Combined with conversational AI, it promises to elevate the patient experience, merging immediate communication with tailored healthcare insights. Table 2 has retained the characteristics of the CAs (the categories defined in Box 1) that were evaluated in the included studies. In addition, it shows AI methods used, based on a list of keywords, defined from three systematic literature reviews for CAs in health care [1,6,27]. The study focused on health-related apps that had an embedded text-based conversational agent and were available for free public download through the Google Play or Apple iOS store, and available in English. You can foun additiona information about ai customer service and artificial intelligence and NLP. A healthbot was defined as a health-related conversational agent that facilitated a bidirectional (two-way) conversation.

They can also deliver specific information about specific actions to be taken to meet those goals, hence prompting patients to feel engaged.

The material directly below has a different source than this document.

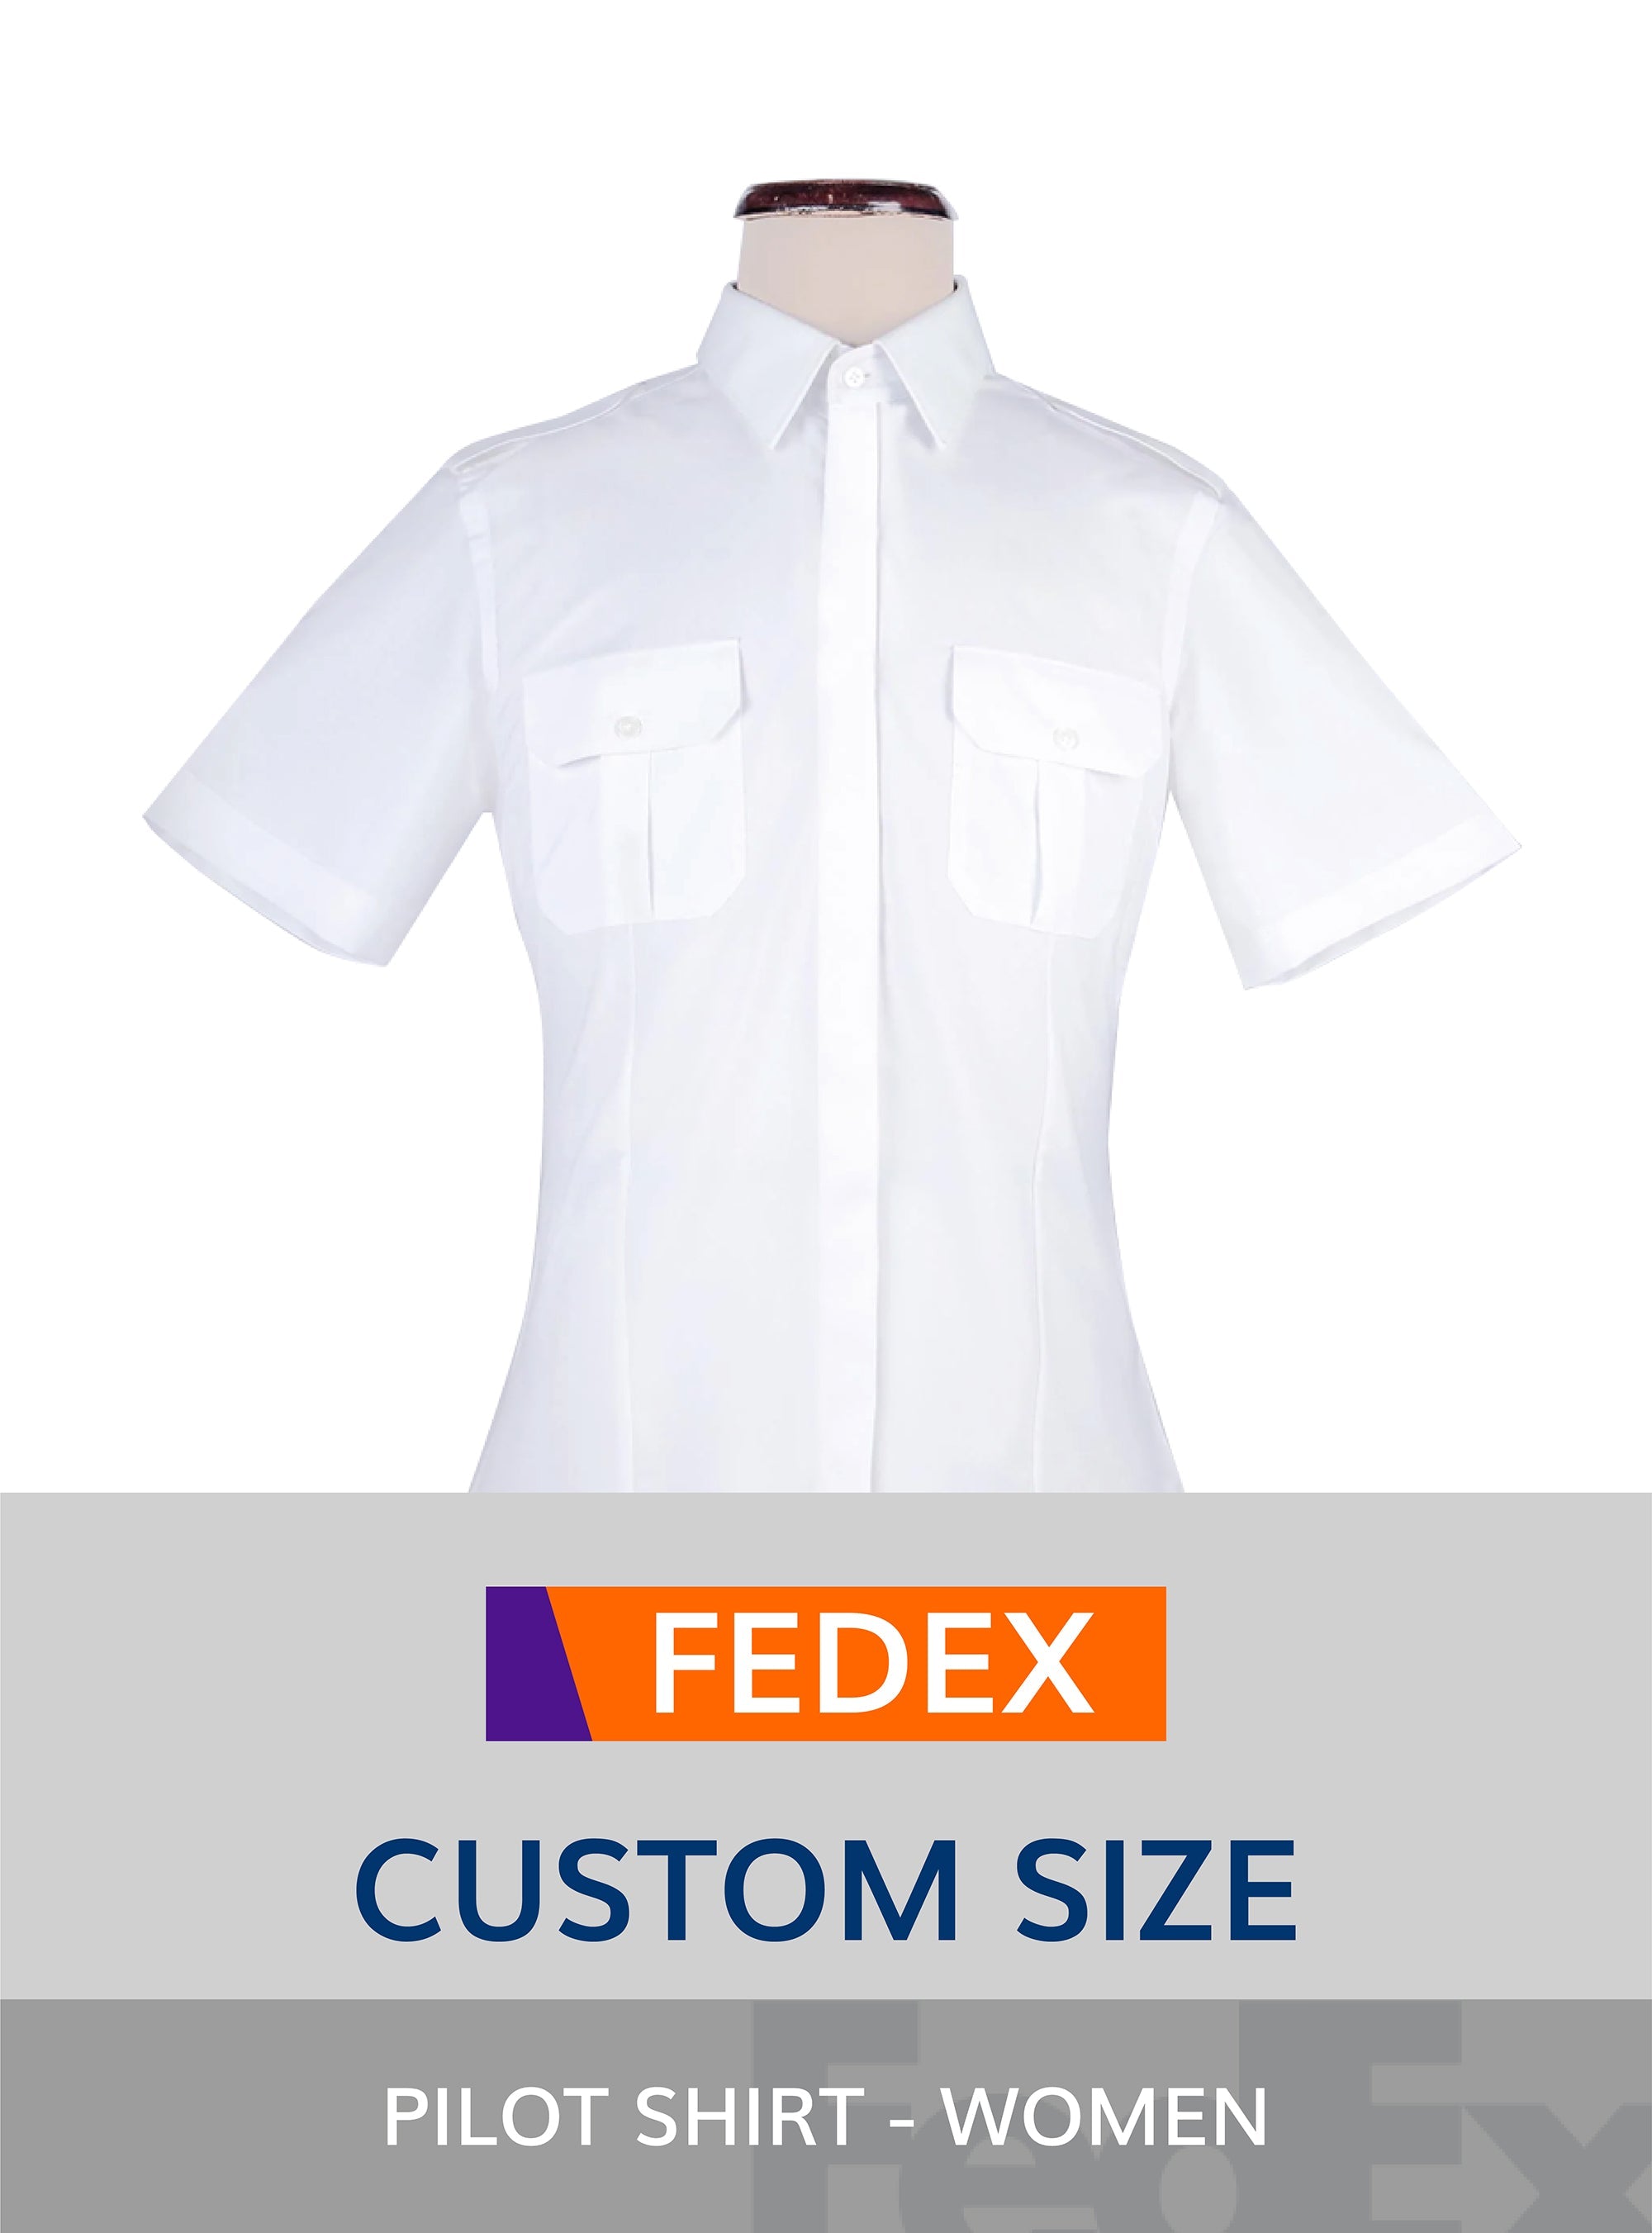 FEDEX Custom Size Pilot Shirt for women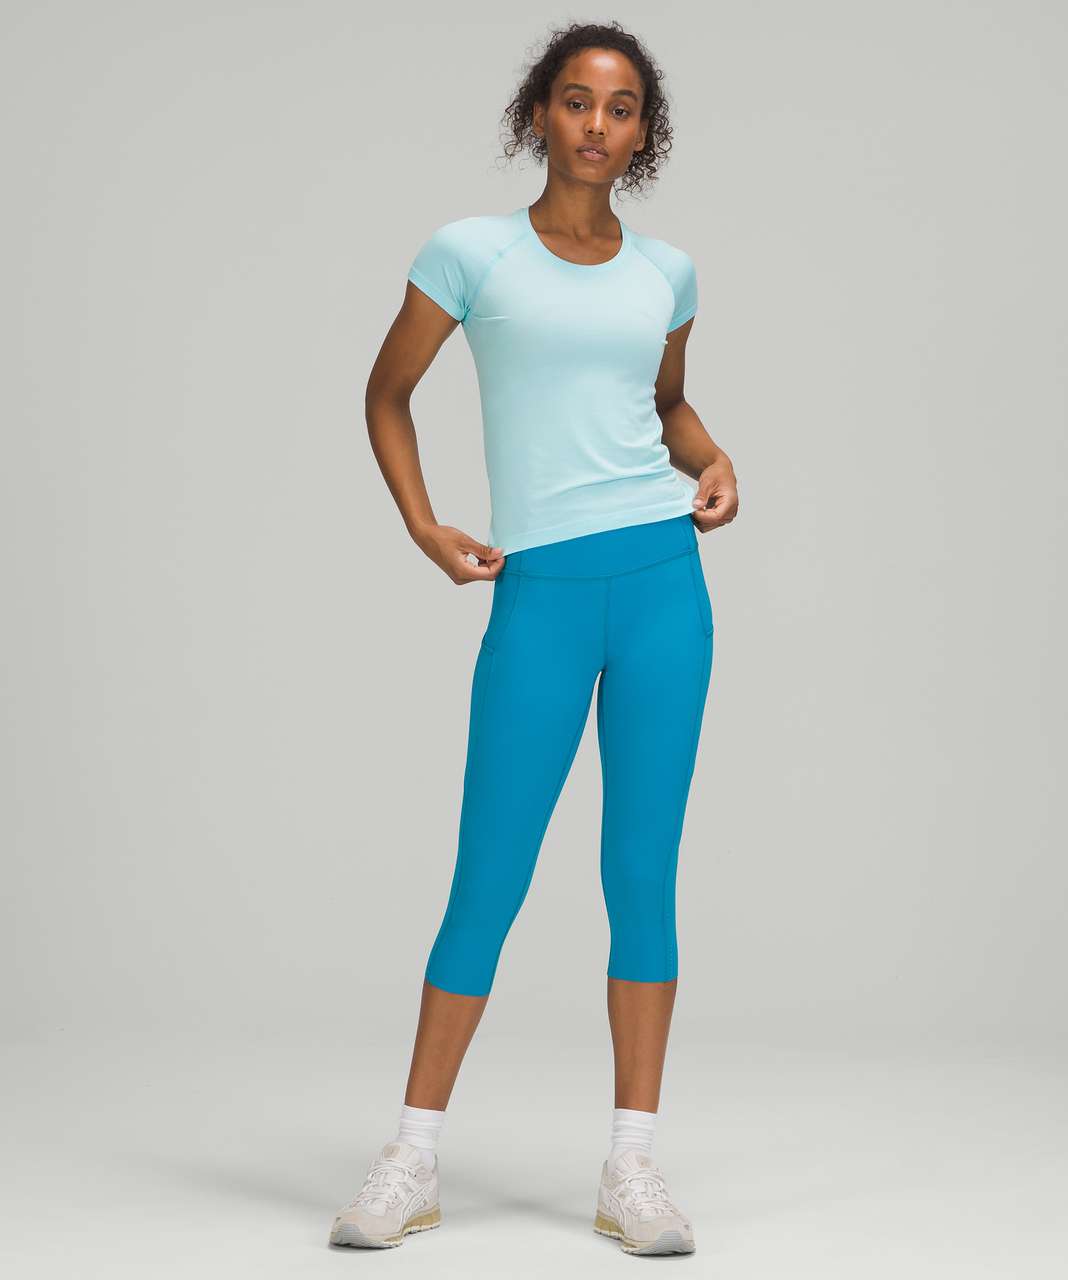 Lululemon Swiftly Tech Short Sleeve Shirt 2.0 *Race Length - Icing Blue / Icing Blue

A conversational AI-based chatbot can answer FAQs and help troubleshoot common issues contrary to the limited capabilities of a conventional chatbot. As per WHO statistics, the world is facing a shortage of 4.3 million doctors, nurses, and other healthcare staff.

In the US, about 60% of adults have chronic diseases, causing the annual health care expenditure approximately 86.2% of the $2.6 trillion [20]. In 2018, the Australian Institute of Health and Welfare claims that diabetes is one of Australia’s eight common chronic conditions, contributing to 61% of the disease burden, 37% of hospitalizations, and 87% of deaths [21]. There are about 1.13 billion people who had suffered from hypertension in 2015, and the number is still increasing. All statistics about chronic conditions show how serious they are and their effect on people’s lives [19].

Siri responded appropriately and empathetically to issues concerning depression and physical health, and Cortana responded appropriately and empathetically to matters involving interpersonal violence [84]. Future research should also include more qualitative evaluations of the features that users like and dislike. Only half (18/31) of the studies included in this review reported specific user feedback, despite the fact that 7 of the remaining 13 studies included some measure of usability or user perceptions. It will be important to identify all of the structural, physical, and psychological barriers to use if conversational agents are to achieve their potential for improving health care provision and reducing the strain on health care resources. To this end, it would be useful for future studies to structure their evaluation of conversational agents around a behavioral change framework (eg, the Behavior Change Wheel framework [59]). This is important not only when evaluating the effectiveness of behavior change-focused conversational agents, but also when determining whether and how the adoption of new conversational agent technology will be successful.

The underlying technology that supports such healthbots may include a set of rule-based algorithms, or employ machine learning techniques such as natural language processing (NLP) to automate some portions of the conversation. Innovative conversational artificial intelligence (AI) powered systems have been gaining momentum in the healthcare industry in recent years. Automated artificial intelligence programs are built with the purpose of allowing effective communication by providing an interface between the computer and the user. Conversational AI are making a significant impact on the healthcare industry for both medical health providers and patients. Several natural language processing (NLP) platforms, in particular using natural language understanding (NLU), such as Google Dialogflow, IBM Watson and Rasa are used in conversational AI. This paper intends to present an architecture adopted to deploy a successful conversational AI agent, named Ainume, using Google Dialogflow on the Google Cloud Platform (GCP).

All disagreements were discussed, and if a consensus was not reached, a third reviewer was consulted. It’s being utilized for scheduling appointments, guiding post-treatment care, providing patient support, sending reminders, and even handling billing issues. While it offers efficiency and round-the-clock service, ensuring data privacy and ethical considerations remains crucial during its deployment. The purpose of AI chatbots in healthcare is to manage patient inquiries, provide crucial information, and arrange appointments, thereby allowing medical staff to focus on more urgent matters and emergencies.

When we talk about the healthcare sector, we aren’t referring solely to medical professionals such as doctors, nurses, medics, etc., but also to administrative staff at hospitals, clinics, and other healthcare facilities. The efficiency of AI in screening and analysis makes it economically viable to pursue treatments for rare or neglected diseases. These conditions often do not receive the same level of attention in traditional drug discovery due to the high costs and lower financial incentives. Once potential ‘hits’ are identified (compounds that show desired activity against a biological target), the AI can also assist in the ‘lead optimization’ process.

The underlying ML technology means that the chatbot undergoes consistent “training” to become smarter and more intelligent over time. Wellstar, the largest and most integrated healthcare system in the state of Georgia, leverages conversational AI to enable employees to self-service their own IT support needs. The healthcare provider deployed Moveworks’ copilot, affectionately called WALi, on their messaging platform.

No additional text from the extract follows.